As a legal officer at Nacro, I have encountered many organisations carrying out illegal DBS checks (formerly CRB checks) over the years, but it has been relatively rare for me to come across an employer (or other organisation) trying to bypass the formal routes for carrying out a criminal record check through an enforced subject access request. Of course I knew it did happen and it was enough of a problem for many police forces to highlight in their guidance on subject access requests that it was unlawful to carry out such a request for employment purposes.
However, a recent advocacy case did actually involve an enforced subject access request. An anonymous allegation was made against a public sector employee who had an unblemished, exemplary work record. The allegation suggested that this employee, whose role involved regulated activity with children and vulnerable adults, posed a risk due to their criminal record.
When they applied for the role the employee had provided a written disclosure statement detailing a conviction for fraud and other offences which had taken place more than 15 years earlier. At the time, the employer had carried out an enhanced DBS with barred list check which had revealed the employee’s full criminal record. The certificate also included police intelligence about an incident which resulted in the employee receiving a police caution for assault, but none of the information provided was consistent with the allegation made against the employee. The employer had therefore carried out all the necessary and legal background checks at the time of employment.
Nevertheless, as a result of the allegation, the employer insisted that the employee obtain copies of their criminal record from the police and the courts in order to obtain all of the background information that led to the fraud conviction. I successfully challenged the employer’s ‘attempted’ subject access request and they eventually had to rely on carrying out a new, updated DBS check which no longer included police intelligence.
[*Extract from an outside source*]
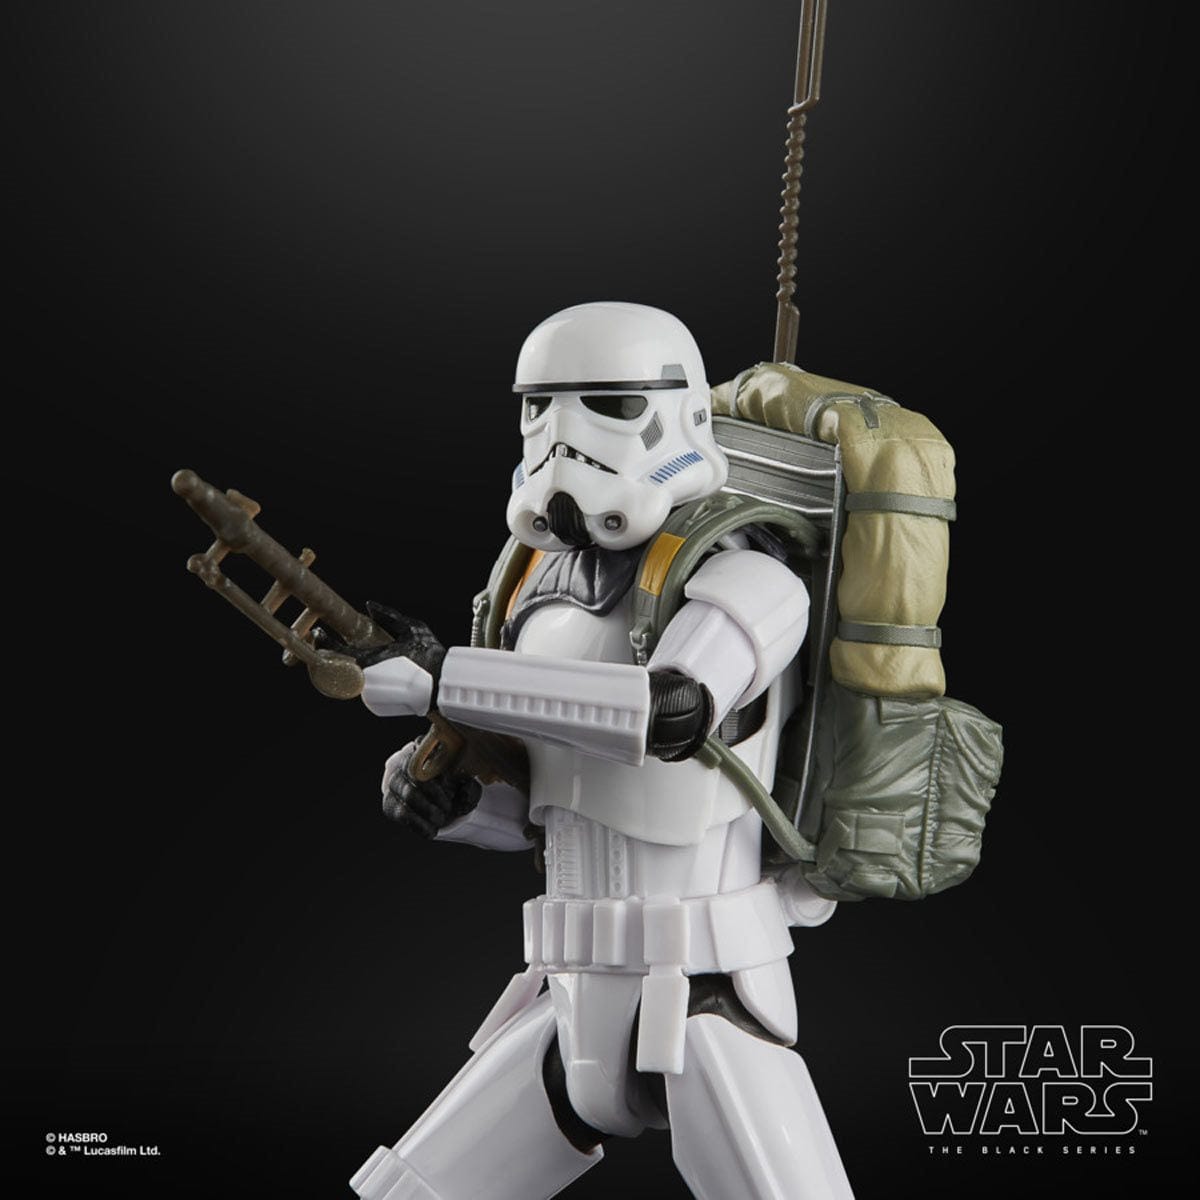 Star Wars The Black Series Stormtrooper Jedha Patrol 6-Inch Action Figure pose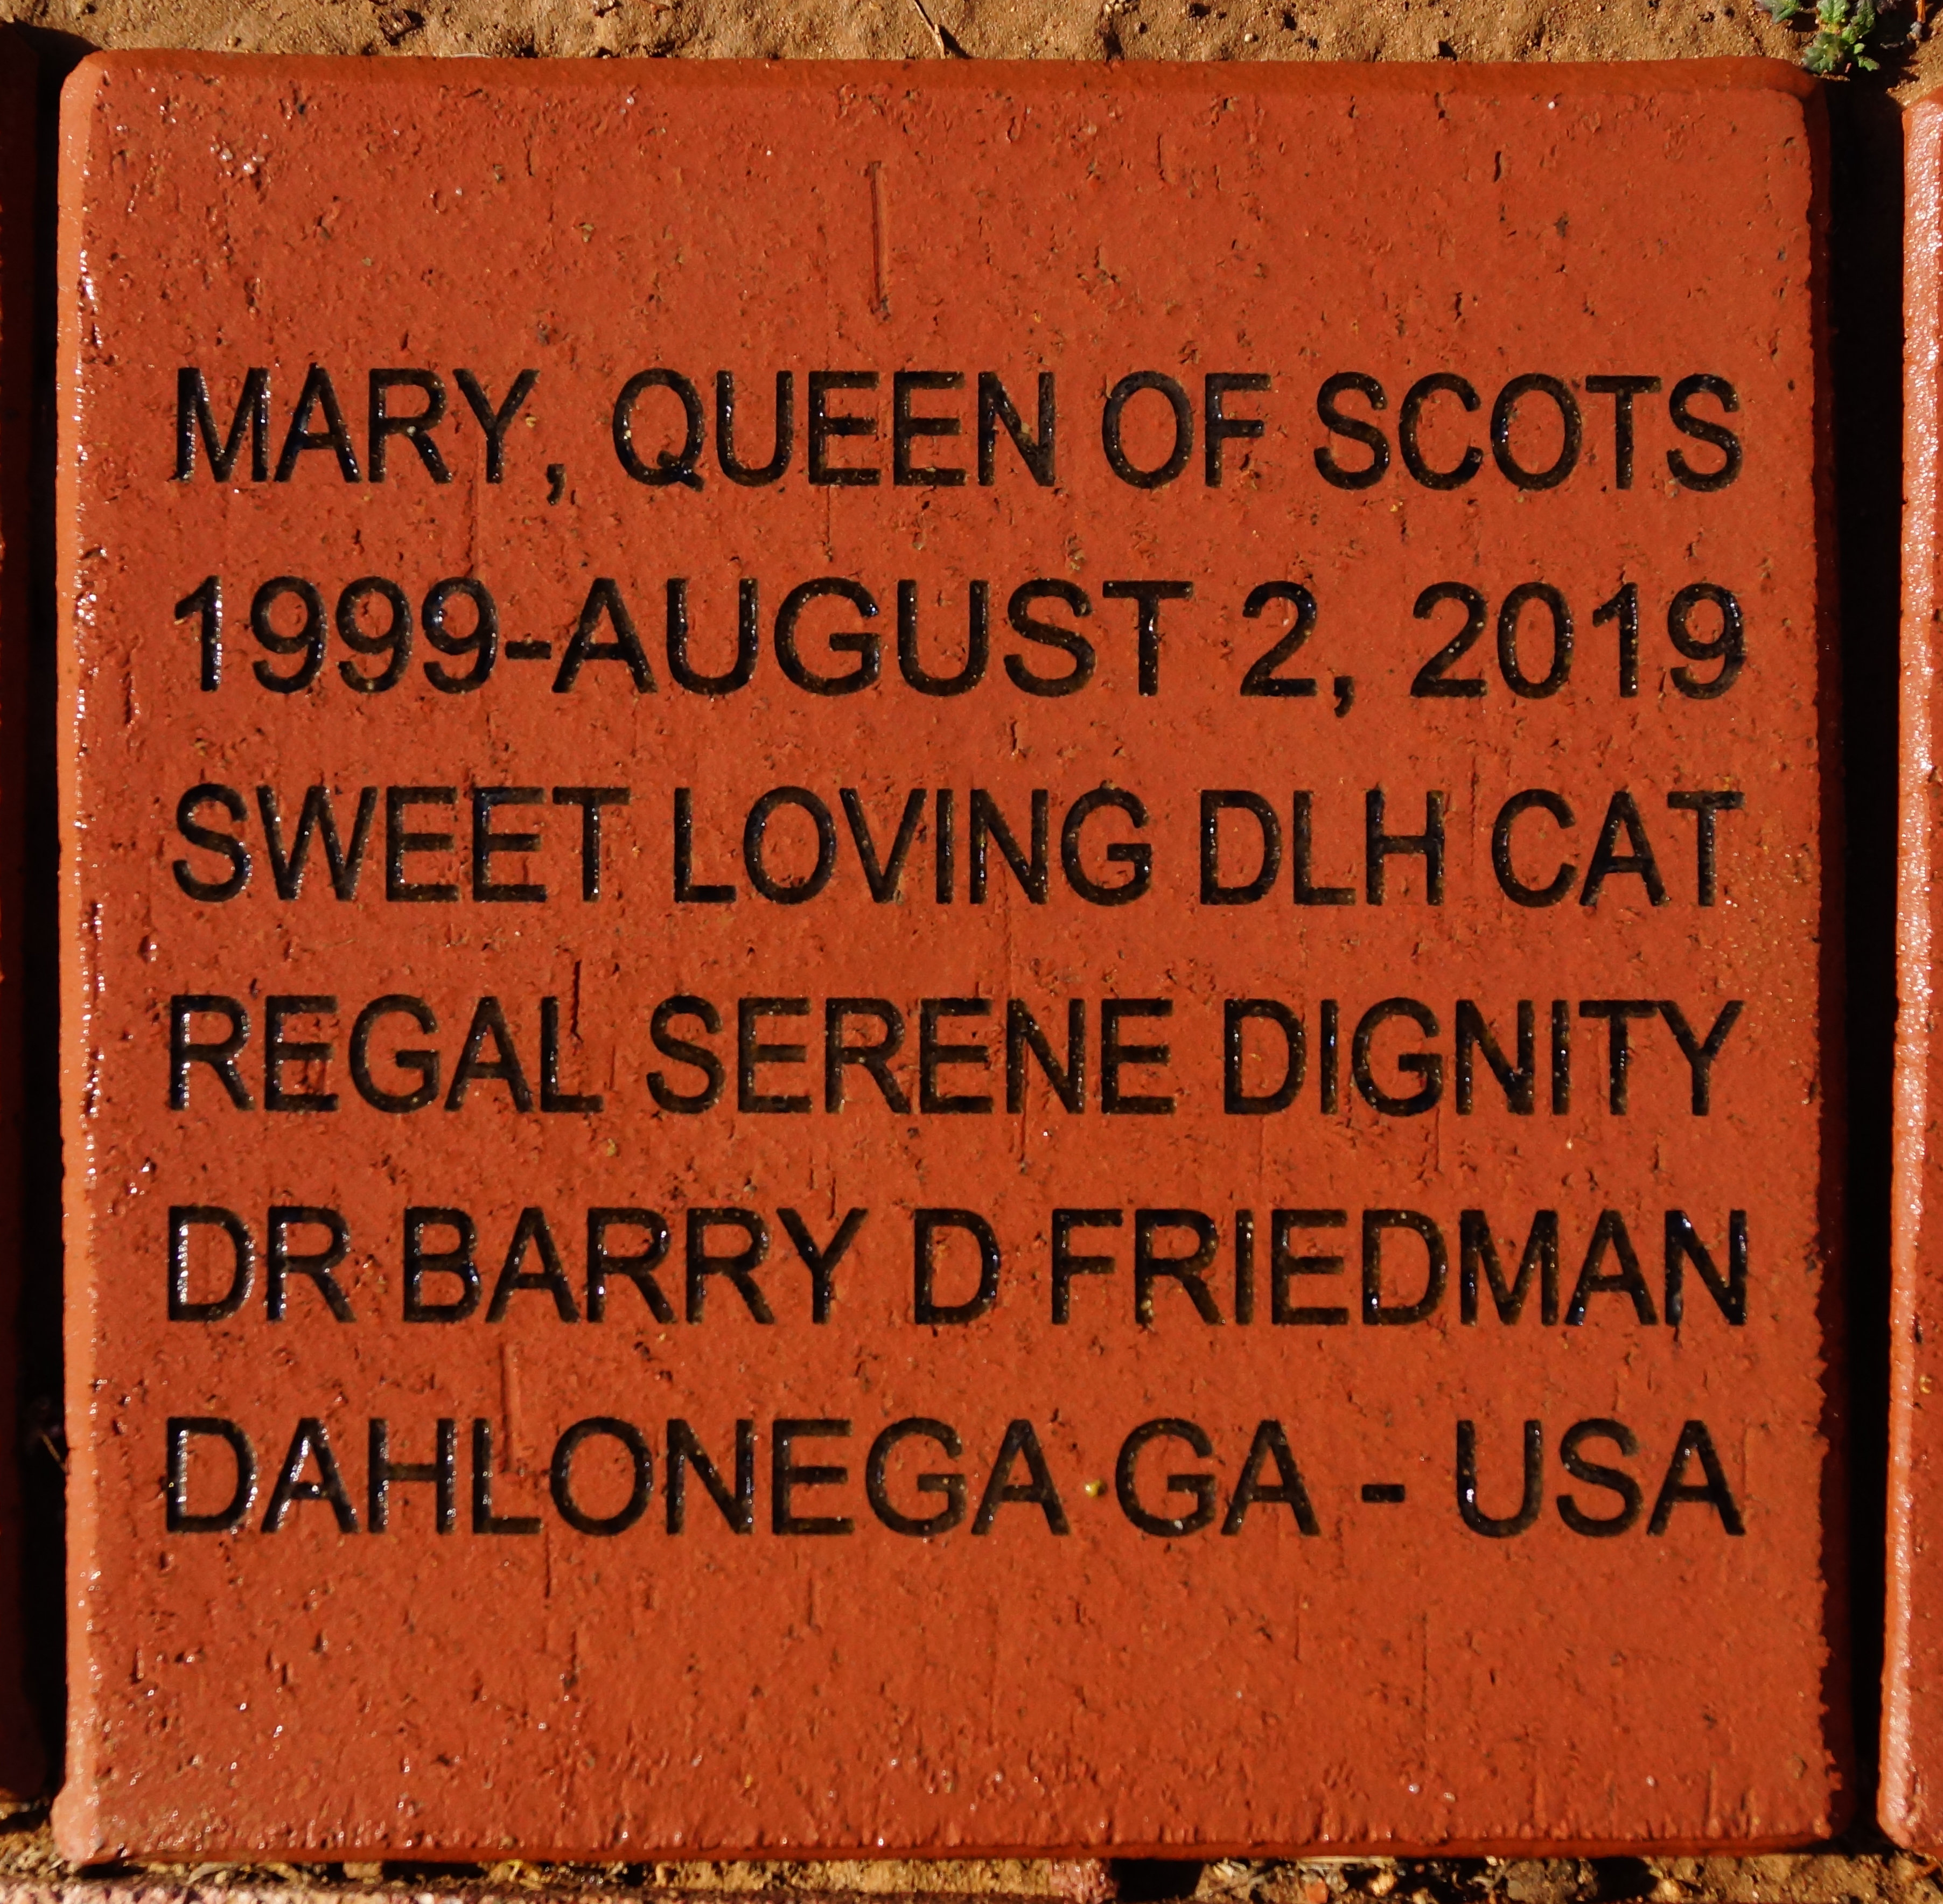 MaryQOS - Memorial Brick

Since, the ICO’s announcement last year, I have learnt that enforced subject access requests are much more prevalent than I initially imagined and I have come across a whole host of organisations that have now had to update their policies and practices to avoid breaking the law. Such organisations include government agencies, housing associations, education providers, insurance companies, banks and other financials institutions, television companies and those that recruit offenders released on temporary licence or subject to probation supervision.
A recent example of this took place when I met with the Department for Education (DfE), the ICO and other key stakeholders about updating the Childcare Disqualification Regulations 2009 statutory guidance. I worked alongside the DfE as a result of this meeting; the guidance has since been updated and published on 26 February 2015 and now makes it clear that employers ’should not request…copies of a person’s criminal record obtained directly from the police, prison, probation service or courts, as this would be considered an enforced subject access request – which from 10 March 2015 will be a criminal offence.’ I hope that other organisations learn from the DfE’s example and adapt their policies and practices accordingly to ensure that they are not breaking the law.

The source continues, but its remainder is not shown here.